- _Prompt_: All lines from the one holding "Online Junk Food Advertising Ban Welcomed" to the end of the listing are to be output exactly, both ends included, with any pictures left out.
*** Opening Data block ***
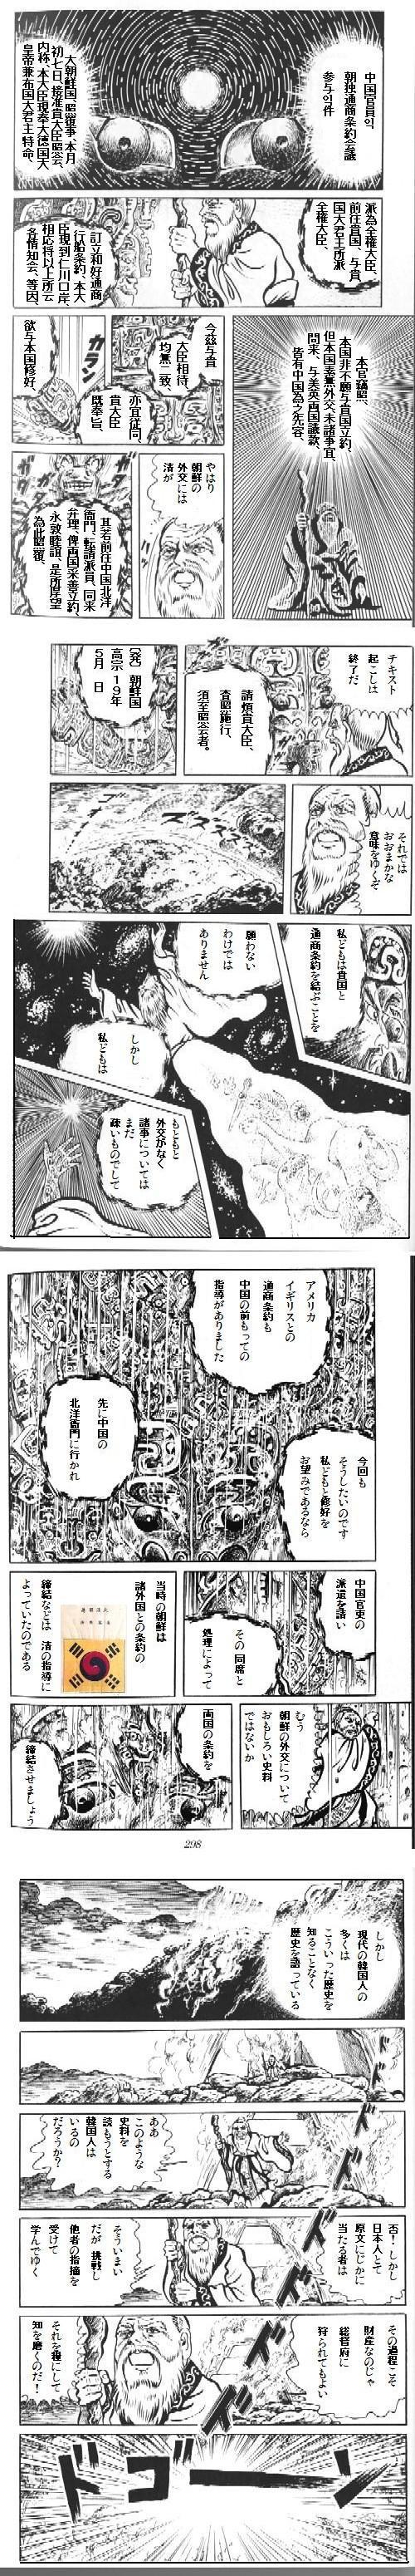 yonaki_ankoku2.jpg
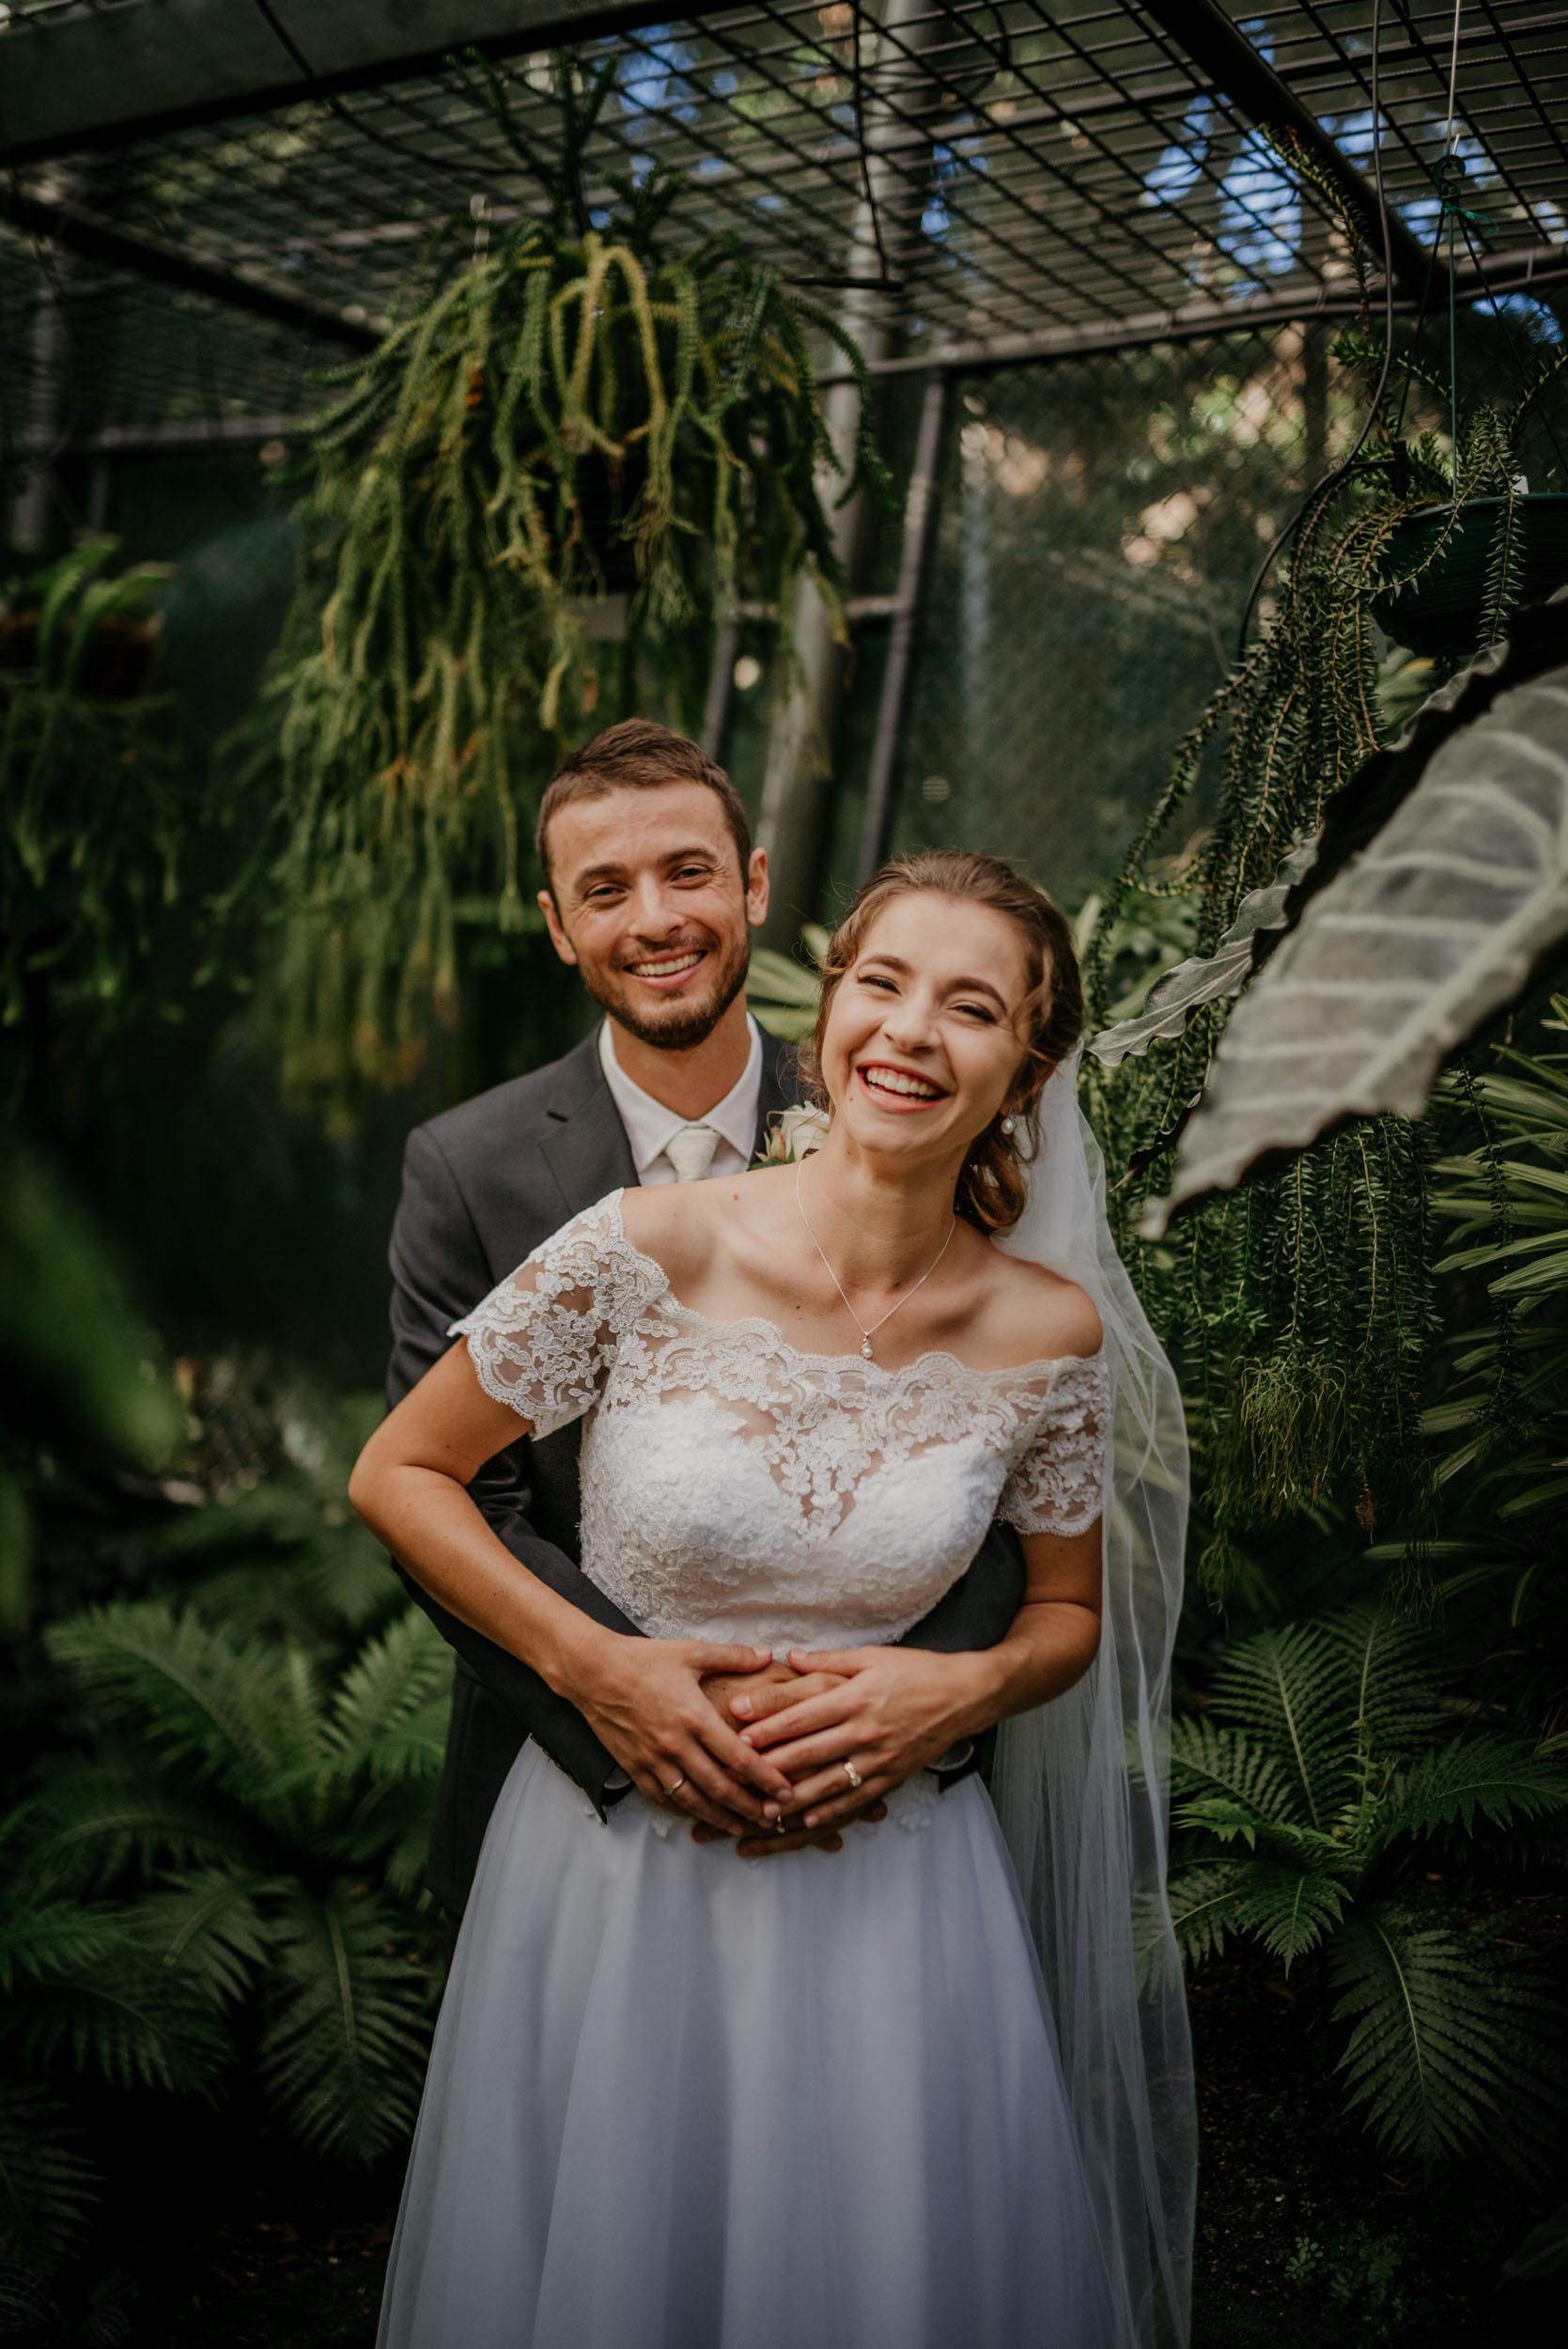 The Raw Photographer - Cairns and Port Douglas Wedding Photographer - Best of 2018-33.jpg
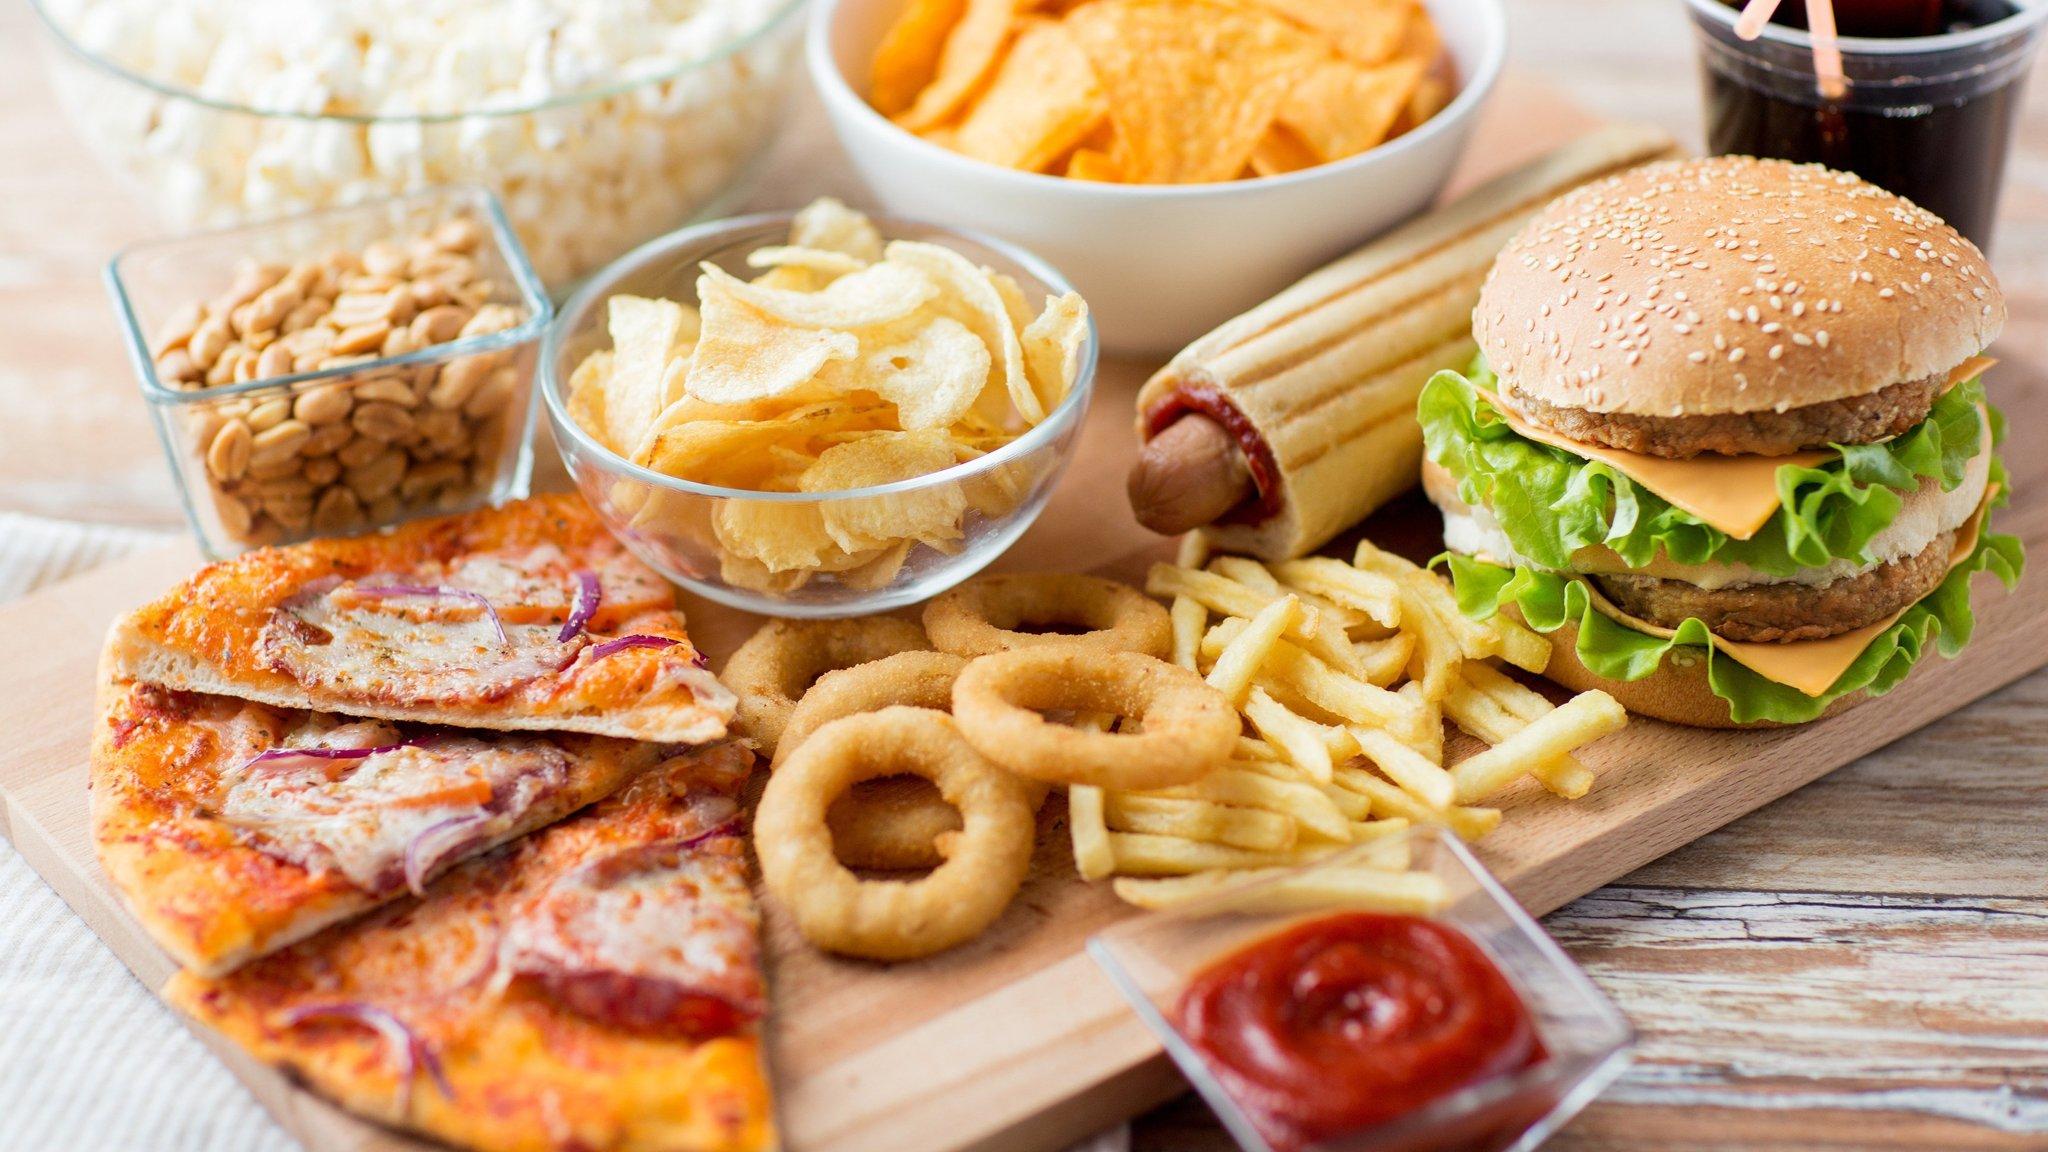 Online Junk Food Advertising Ban Welcomed
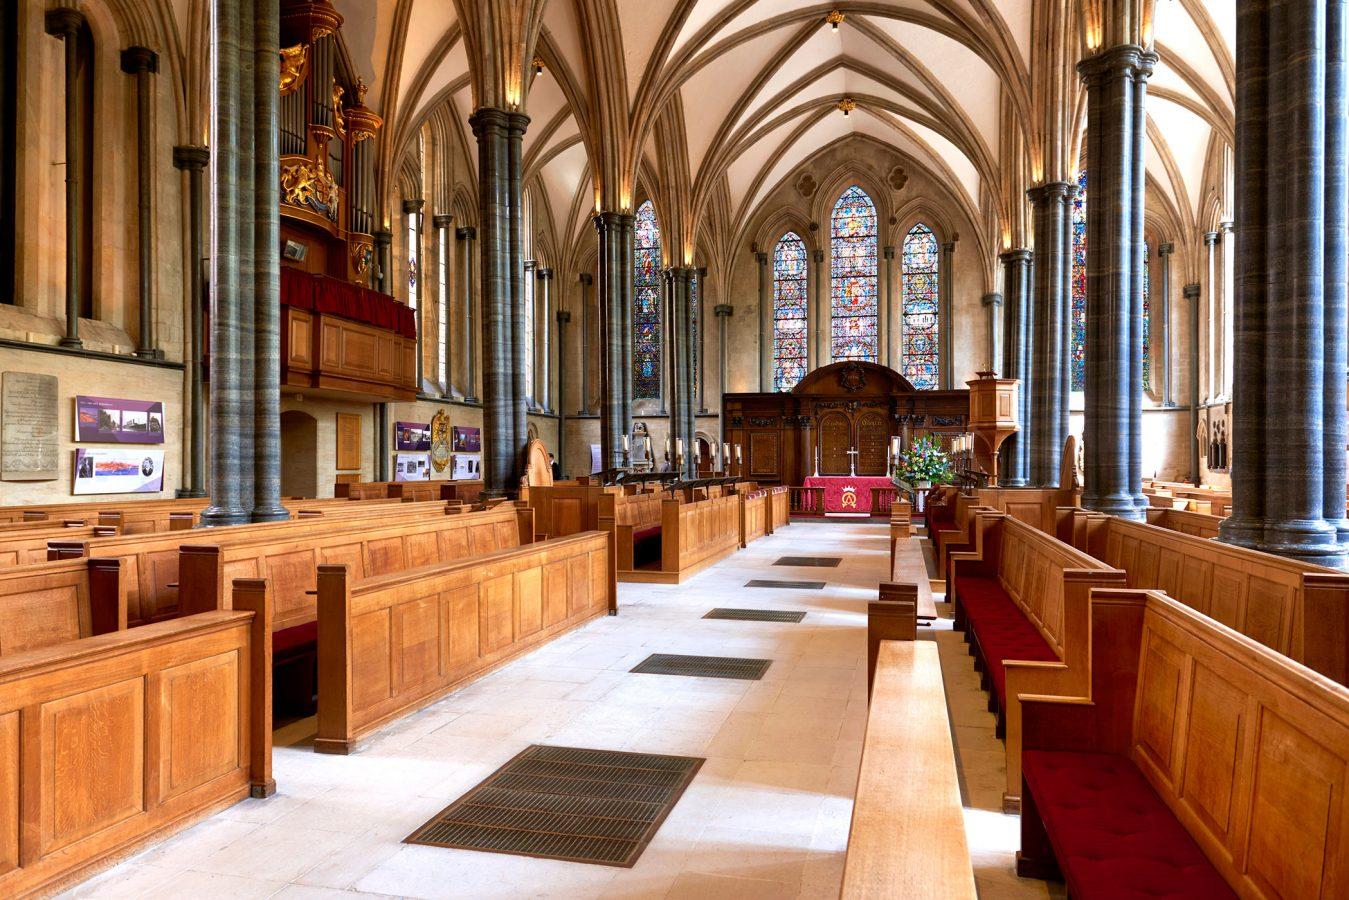 The Knights Templar Church
*** Closing Data block ***
- _Reply_:
 Online Junk Food Advertising Ban Welcomed
 The Knights Templar Church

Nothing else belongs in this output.